- DATA EXCERPT -
-- Opening Marker --

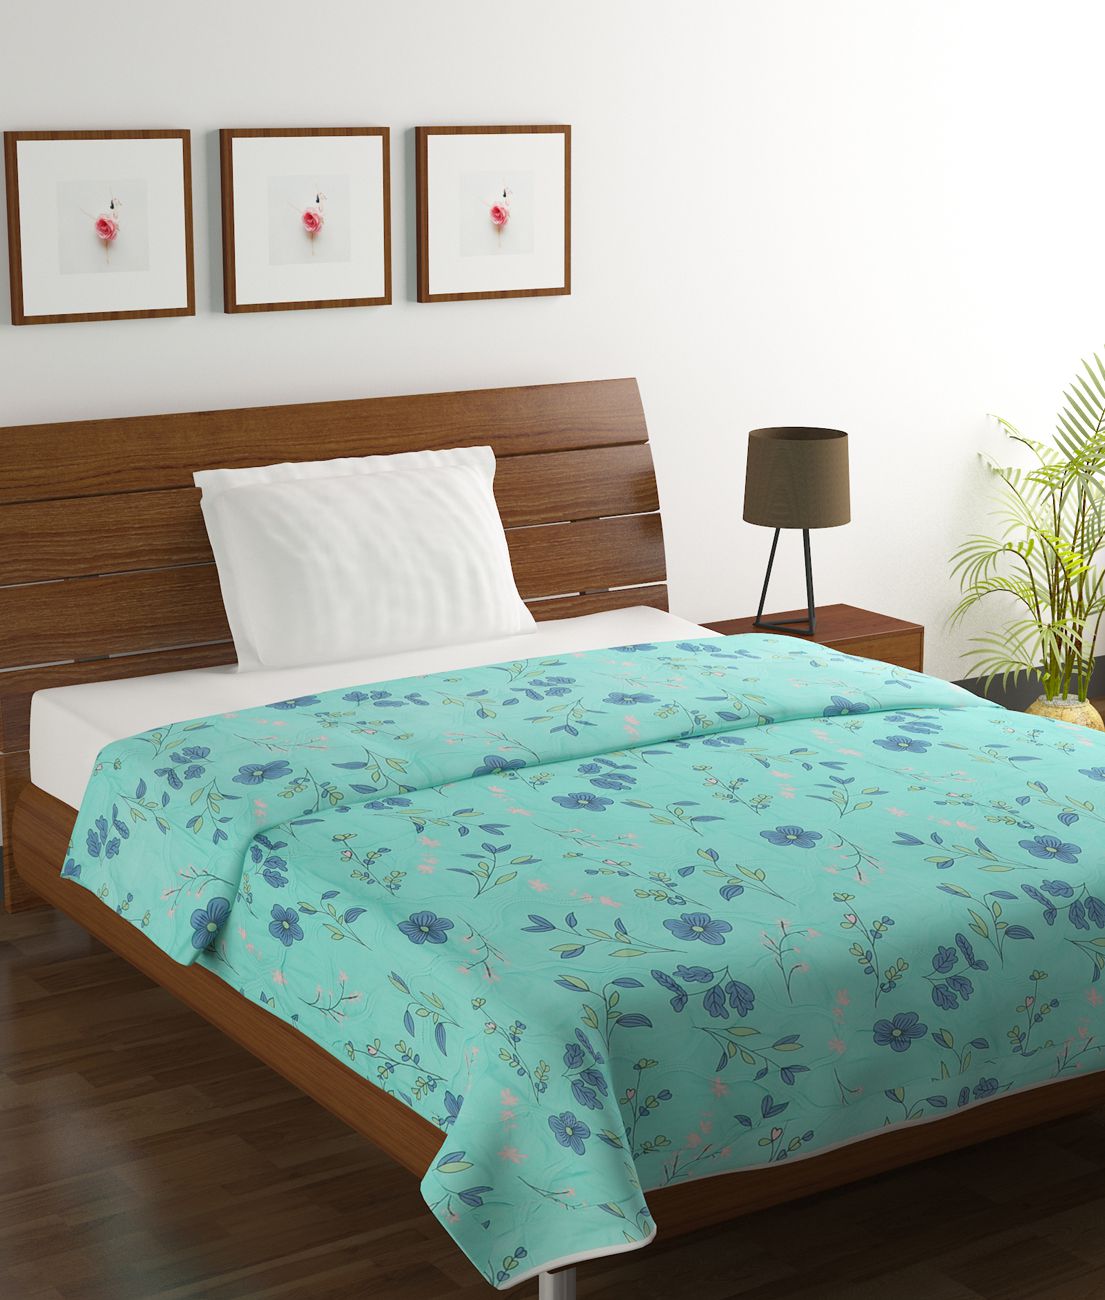     			HOMETALES Microfiber Floral Print Single Comforter ( 150 x 210 cm ) Pack of 1 - Green
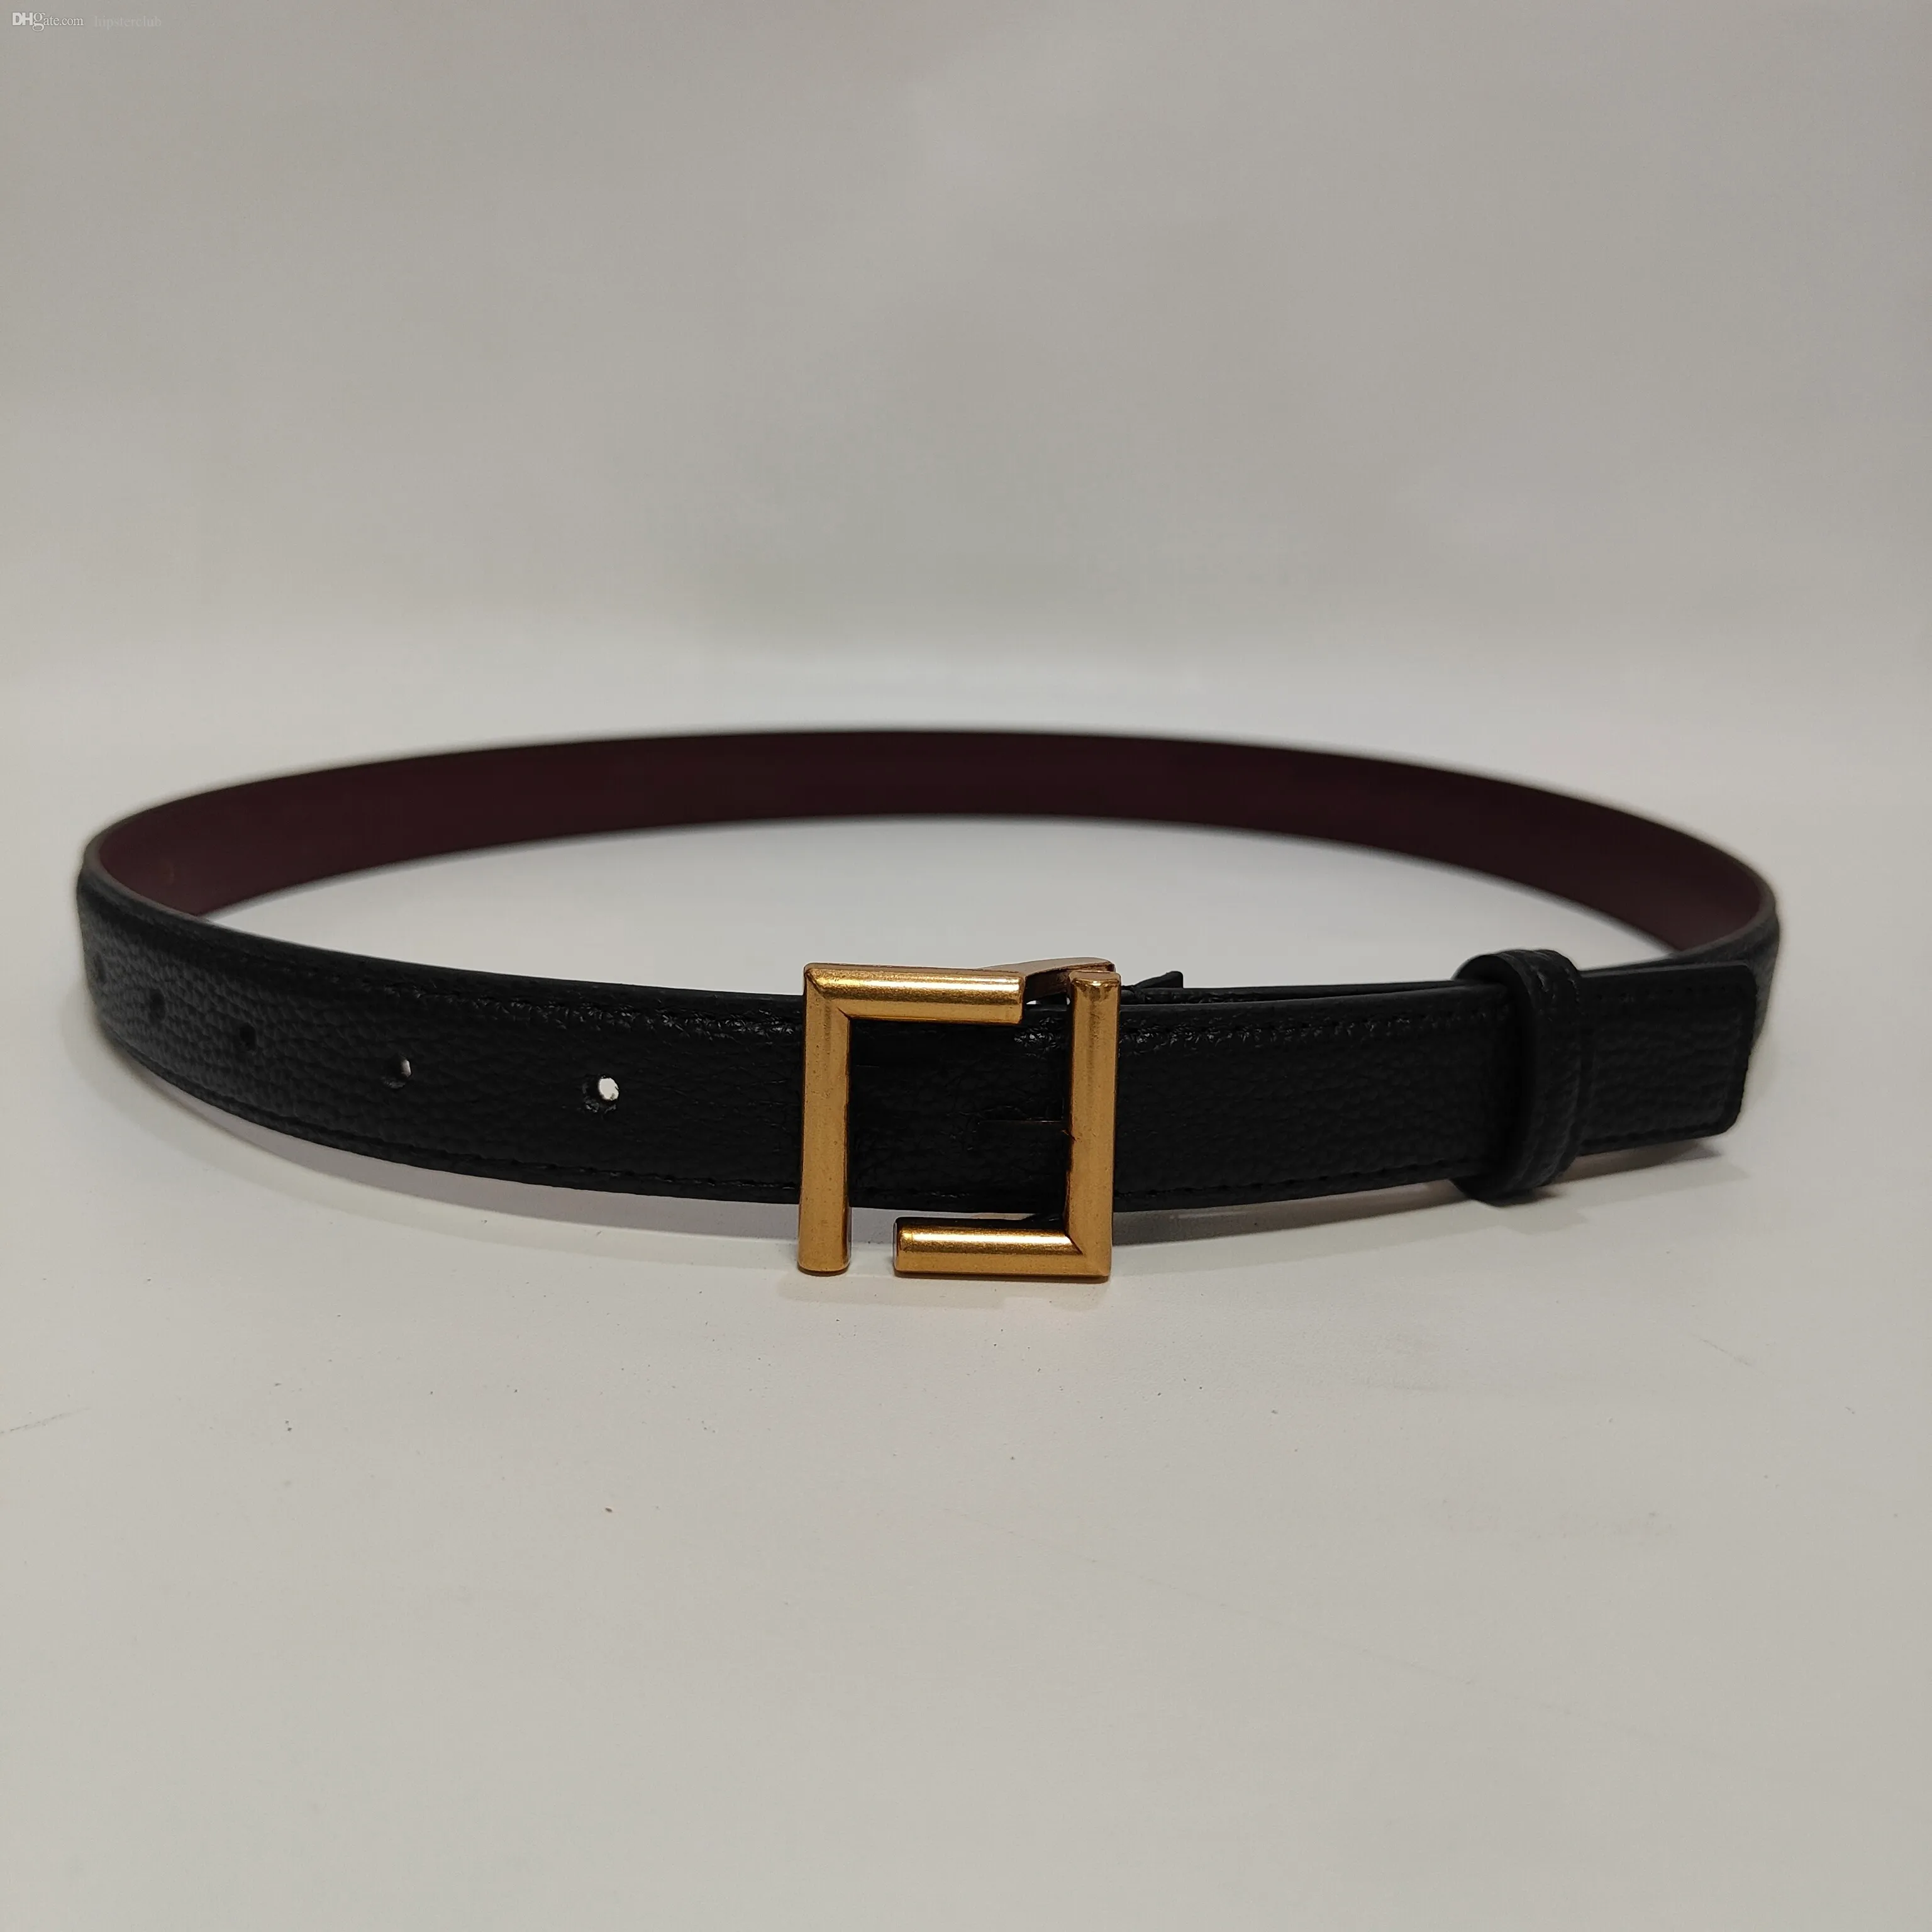 Men's designer belt fashionable women's FF belts 25mm Classic 3 Color Thin waistband genuine leather belt for womens 8C0648AAIWF196R
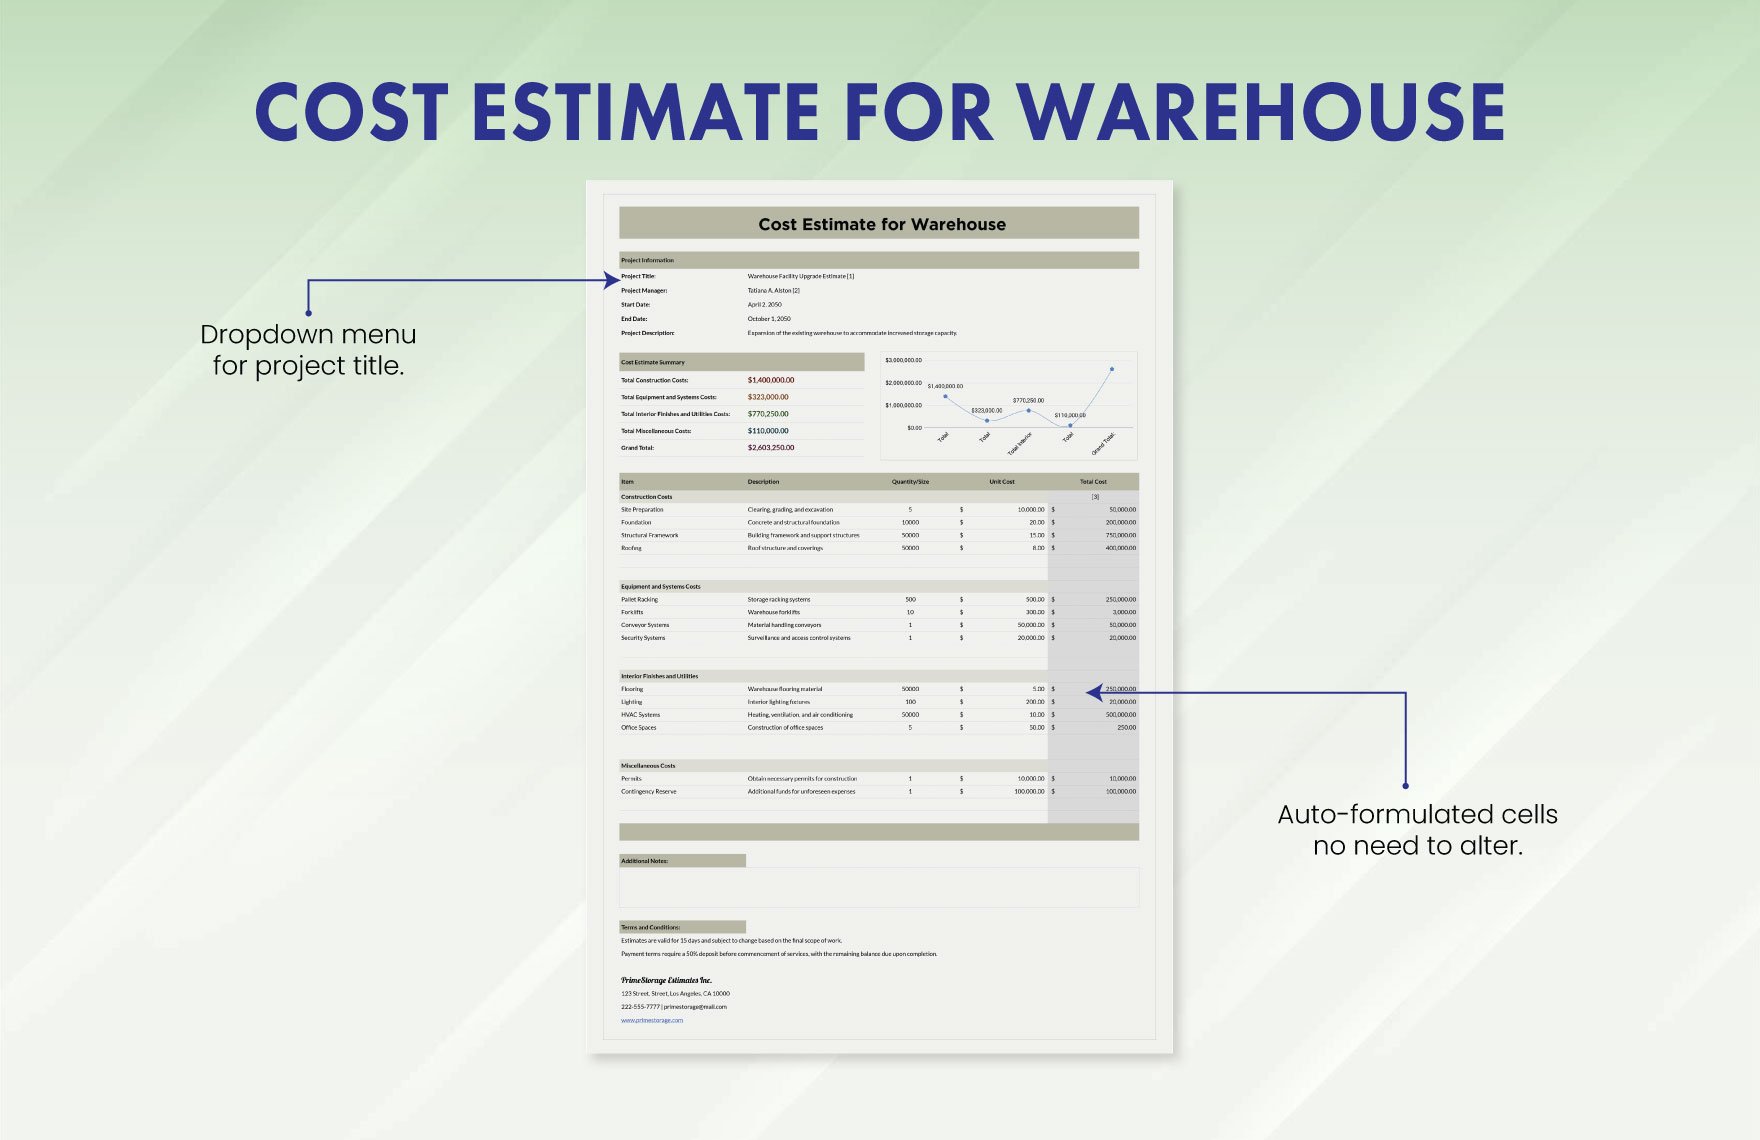 Cost Estimate for Warehouse Template
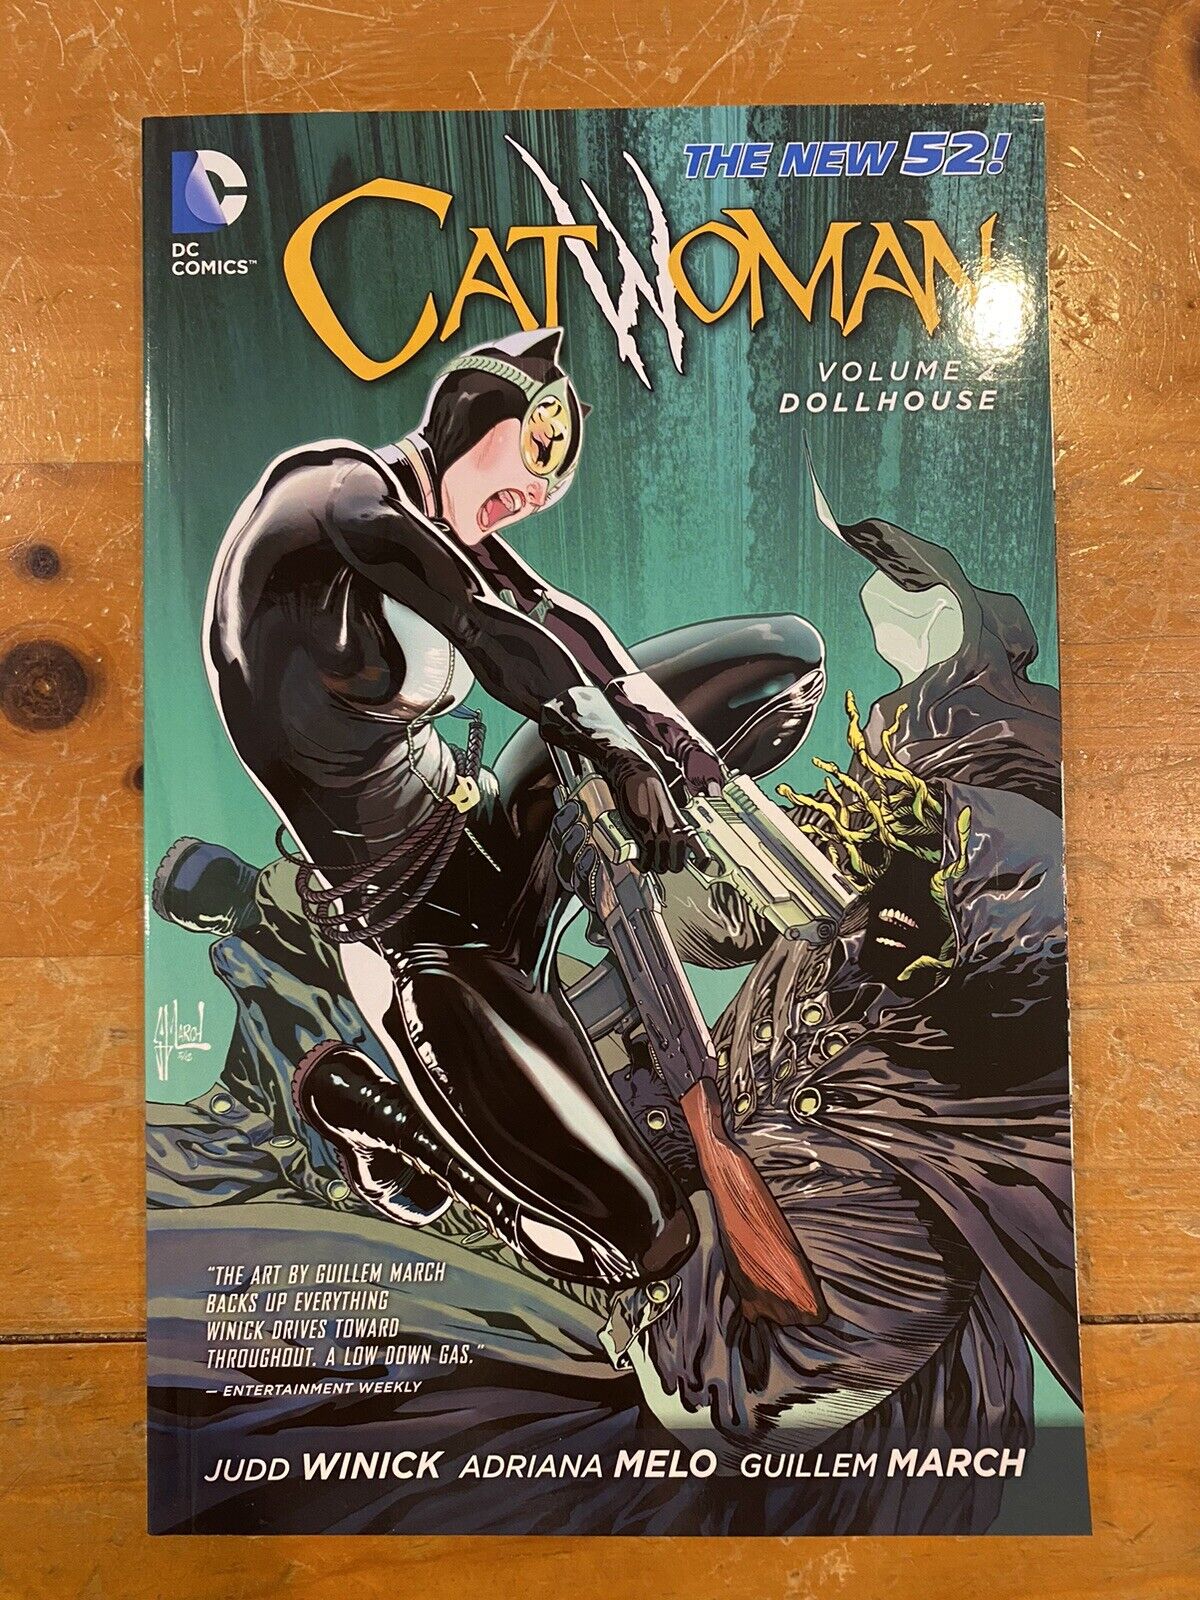 Catwoman TPB #2 New 52 (DC Comics 2013) by Judd Winick

-- Closing Marker --

- TASK OBJECTIVE -
Only the lines from the beginning of the listing through the line with "Cost Estimate for Warehouse Template", both ends included, are to be repeated exactly; pictures stay out.

- RESPONSE TO THE TASK -
     			HOMETALES Microfiber Floral Print Single Comforter ( 150 x 210 cm ) Pack of 1 - Green
 Men's designer belt fashionable women's FF belts 25mm Classic 3 Color Thin waistband genuine leather belt for womens 8C0648AAIWF196R
 Cost Estimate for Warehouse Template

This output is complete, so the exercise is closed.